11.08 Uhr - Die venezolanische Regierung weiß derzeit nicht, wo sich Präsident Nicolas Maduro und seine Frau aufhalten. Das teilt Vizepräsidentin Delcy Rodriguez in einer im Staatsfernsehen ausgestrahlten Audiobotschaft mit. Sie fordert "einen sofortigen Beweis", dass die beiden noch am Leben seien. US-Präsident Donald Trump hat mitgeteilt, dass Maduro und seine Frau gefangen genommen und außer Landes geflogen worden seien.

10.55 Uhr - Die Gefangennahme von Venezuelas Präsident Nicolas Maduro erfolgte nach Angaben eines US-Vertreters durch amerikanische Elitesoldaten. Der Sender CBS News berichtet, es habe sich um Mitglieder der Delta Force gehandelt, einer Spezialeinheit der US-Armee.

10.22 Uhr - Der Iran hat einen Militärangriff der USA auf Venezuela scharf verurteilt. Es handle sich um eine "eklatante Verletzung seiner nationalen Souveränität und territorialen Integrität", teilte das iranische Außenministerium mit. Iran forderte den UN-Sicherheitsrat auf, "sofort zu handeln, um die unrechtmäßige Aggression zu stoppen" und die Verantwortlichen zur Rechenschaft zu ziehen. Der Iran gilt als enger Verbündeter Venezuelas.

09.19 Uhr - Ein offizieller Vertreter der USA erklärt gegenüber der Nachrichtenagentur Reuters, dass die USA in Venezuela Angriffe ausführen. Der Insider, der anonym bleiben will, nennt keine Details.
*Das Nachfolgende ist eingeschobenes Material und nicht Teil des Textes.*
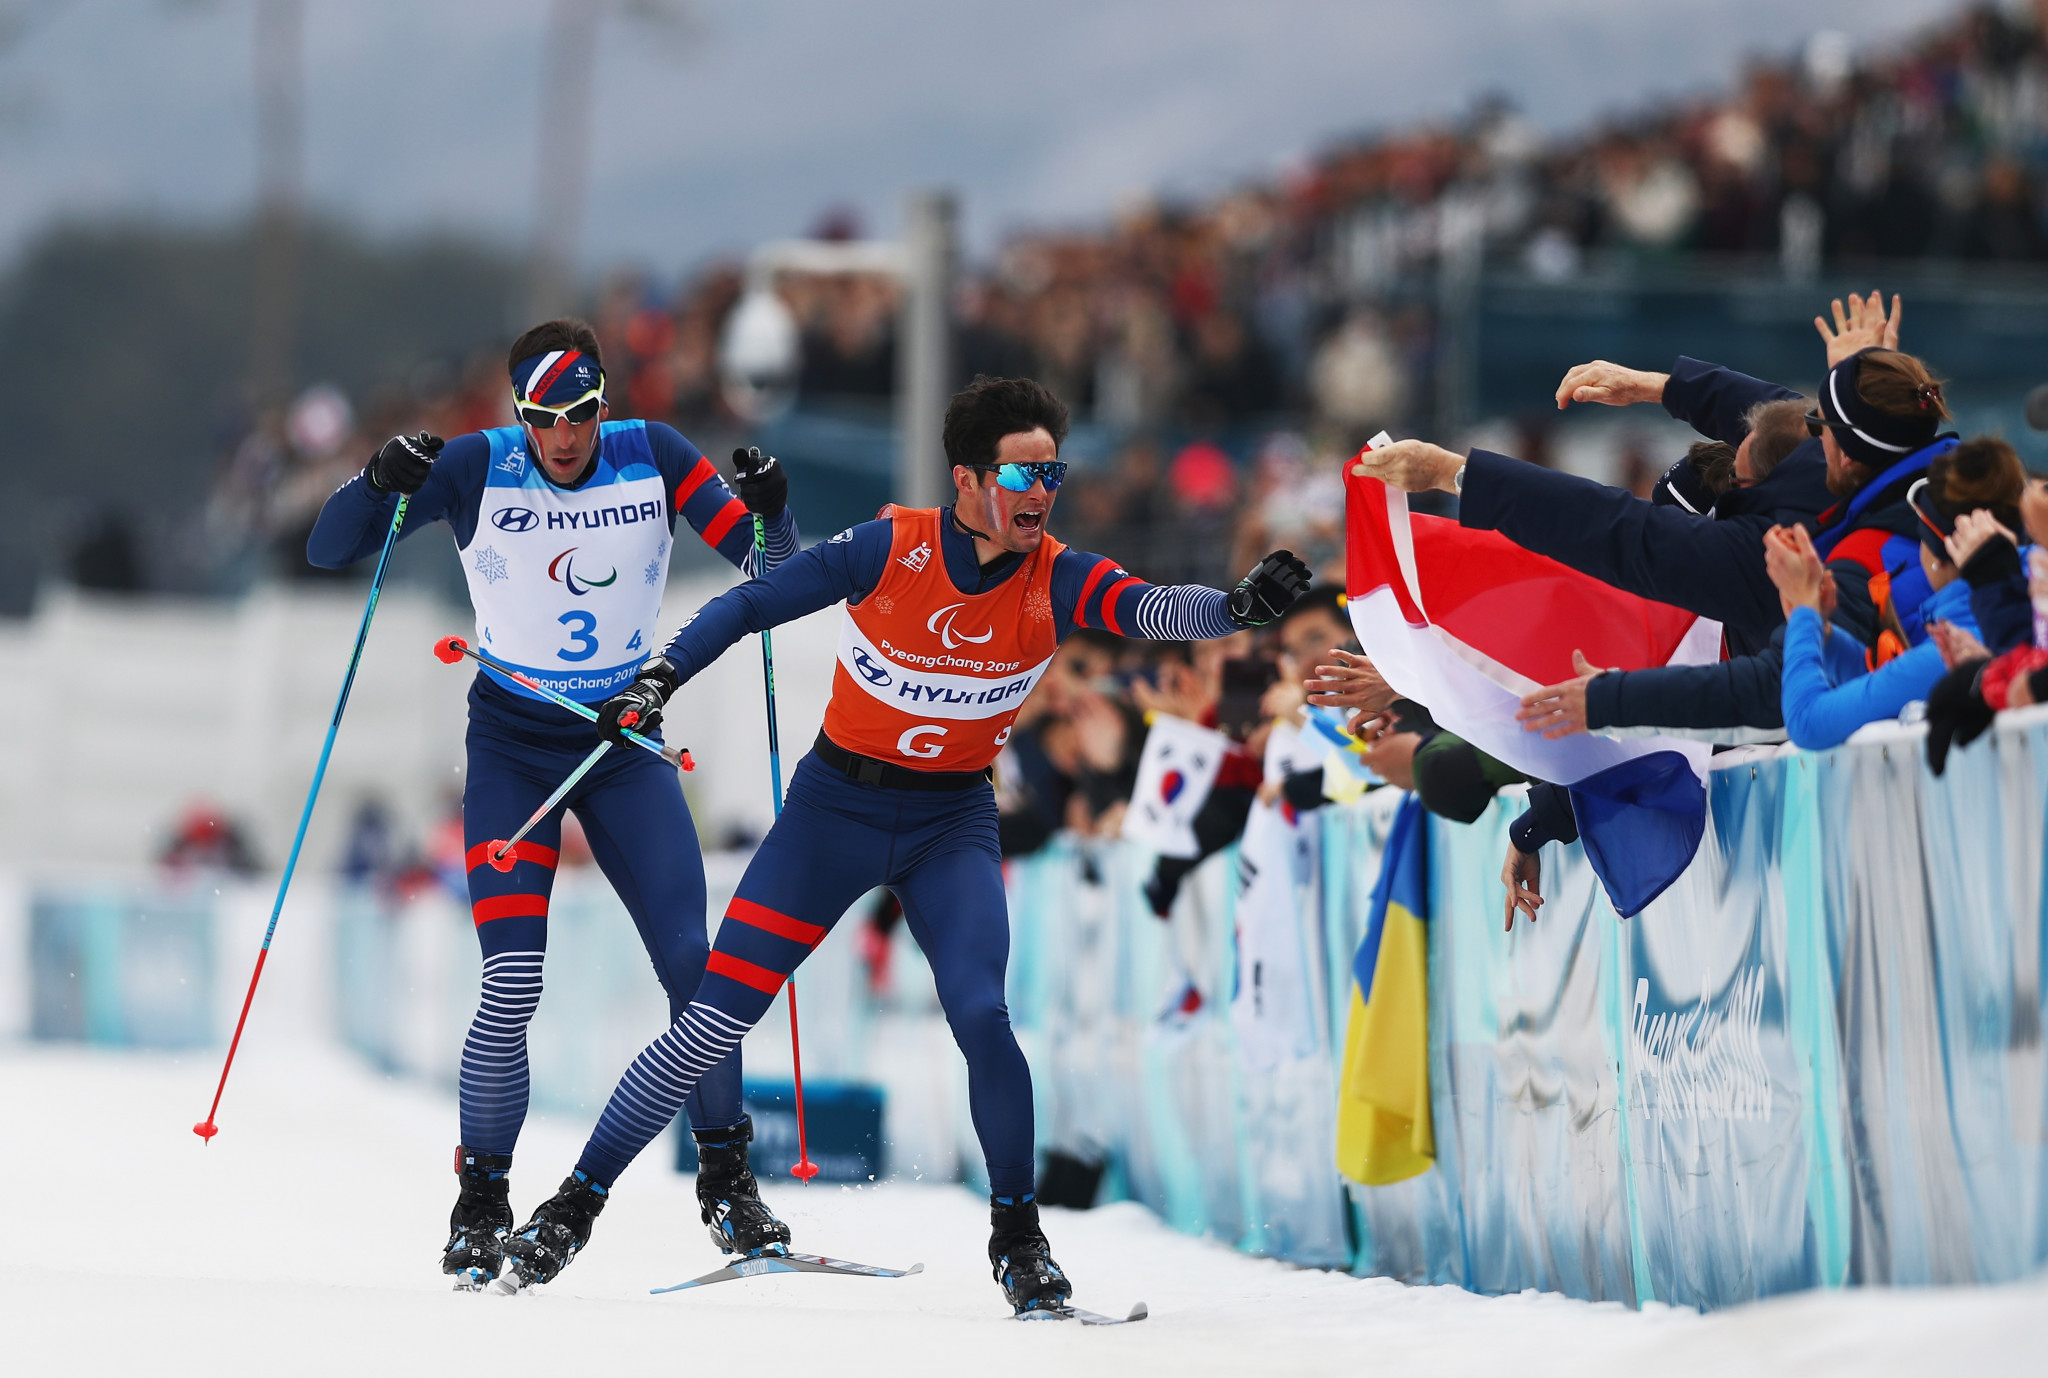 Thomas Clarion and his guide Antoine Bollet of France collect a flag before crossing the finish line in the 4x2.5km open relay competition ©Getty Images
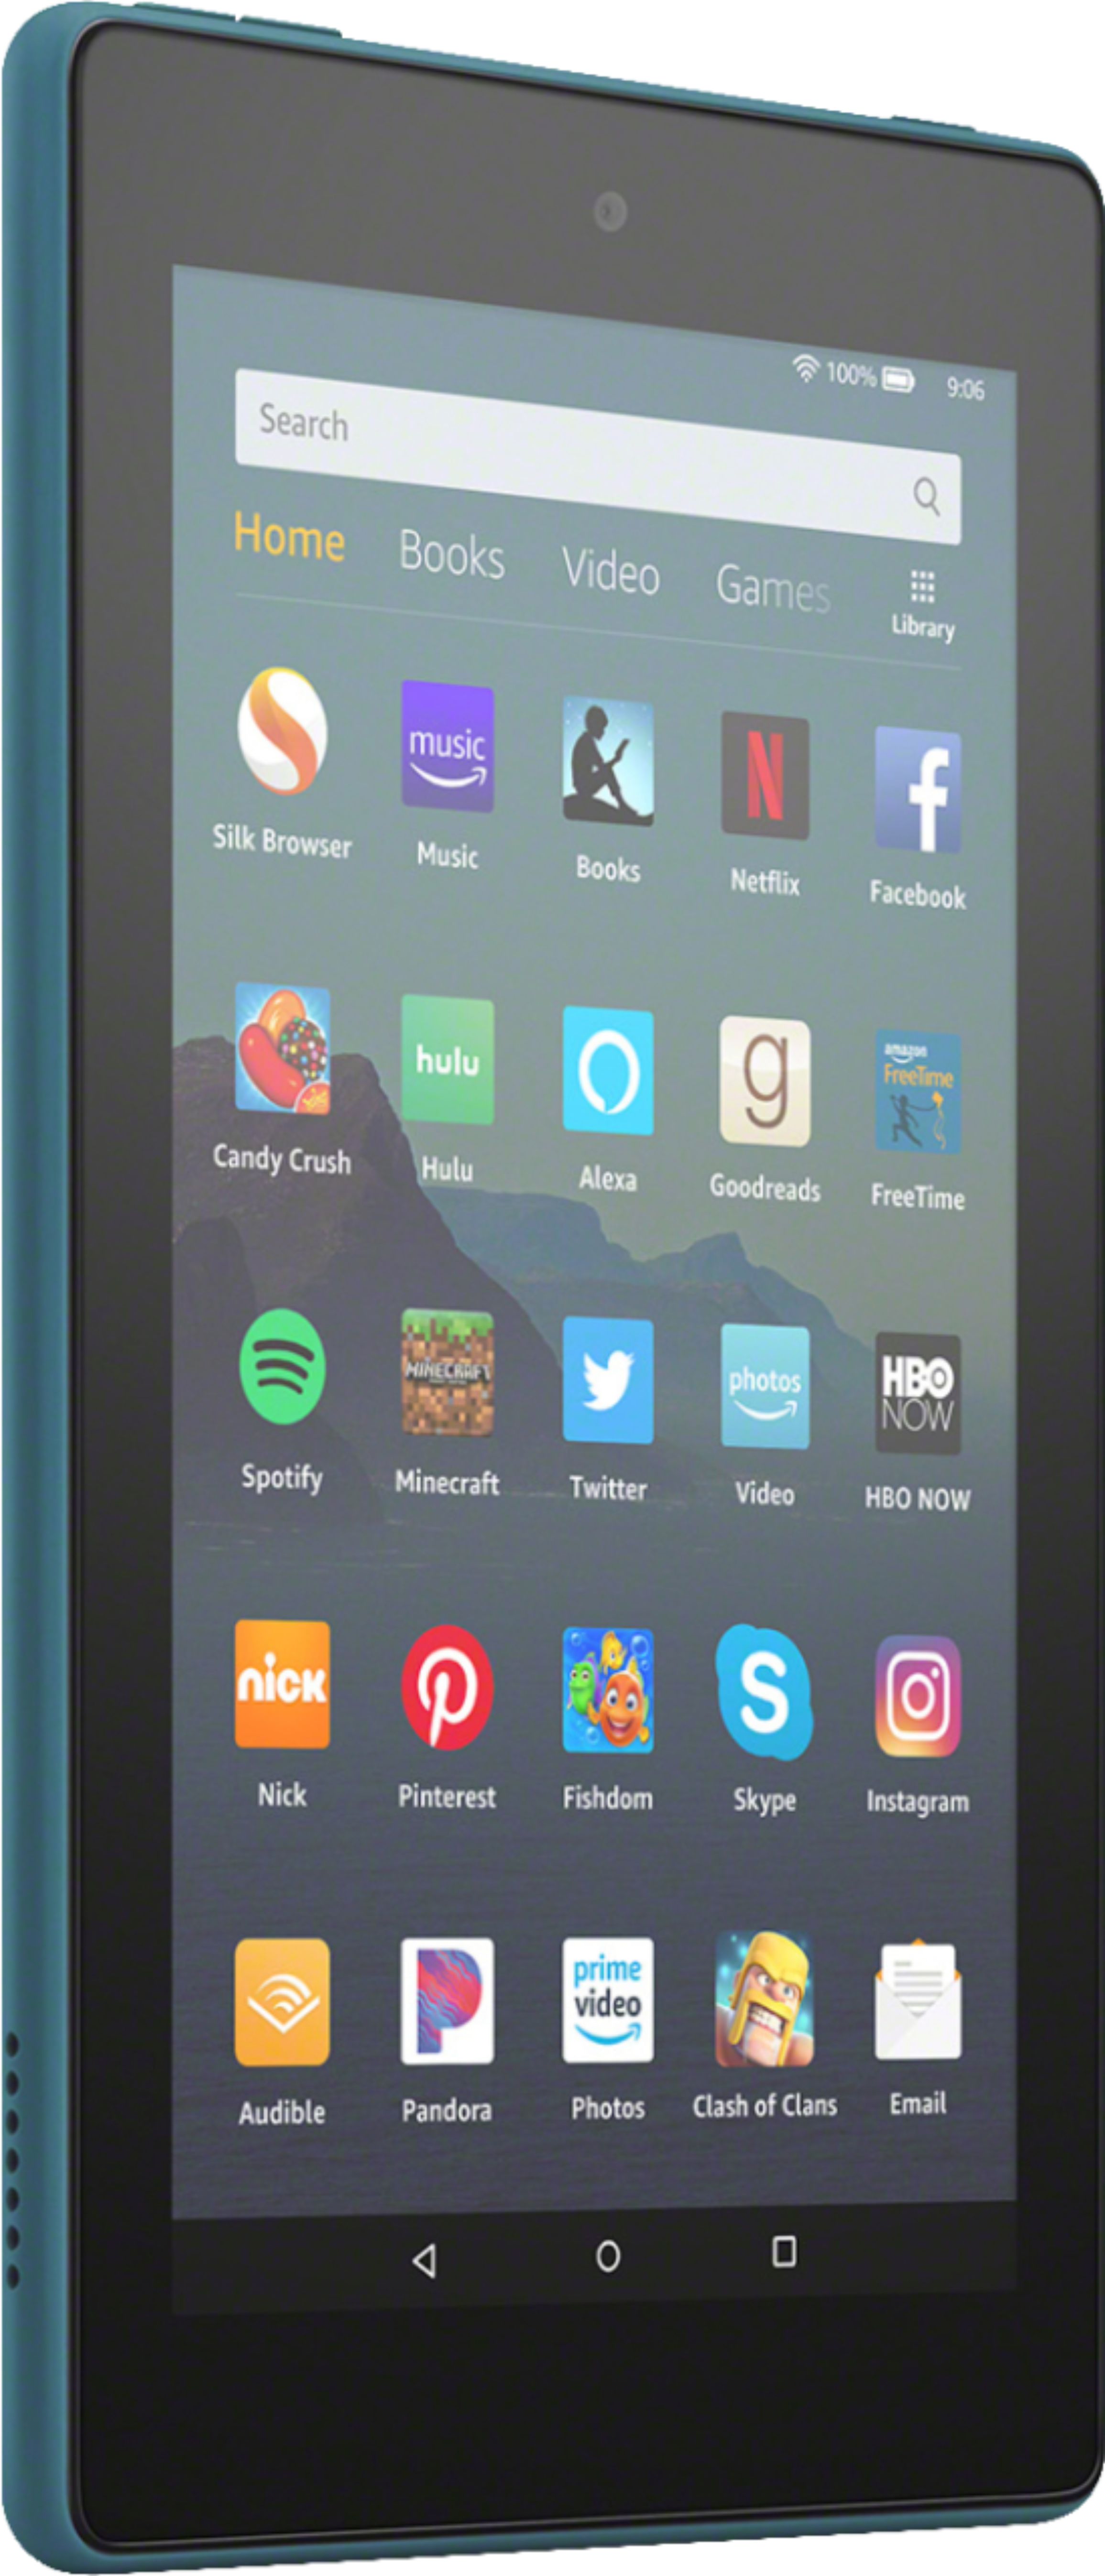 Angle View: Amazon - Fire 7 Tablet (7" display, 16 GB) - Twilight Blue

08.52 Uhr - Venezuelas Präsident Nicolas Maduro wirft den USA militärische Aggression vor. Sein Land lehne diese Aggression ab, heißt es in einer Erklärung des Staatschefs. Ziel der Angriffe waren demnach die Hauptstadt Caracas und La Guaira sowie die Bundesstaaten Miranda und Aragua. Daraufhin seien der nationalen Notstand ausgerufen und die gesellschaftlichen und politischen Kräfte des Landes aufgerufen worden, "Mobilisierungspläne zu aktivieren".

08.45 Uhr - Venezuelas Präsident Nicolas Maduro hat den nationalen Notstand ausgerufen. Das teilt seine Regierung mit.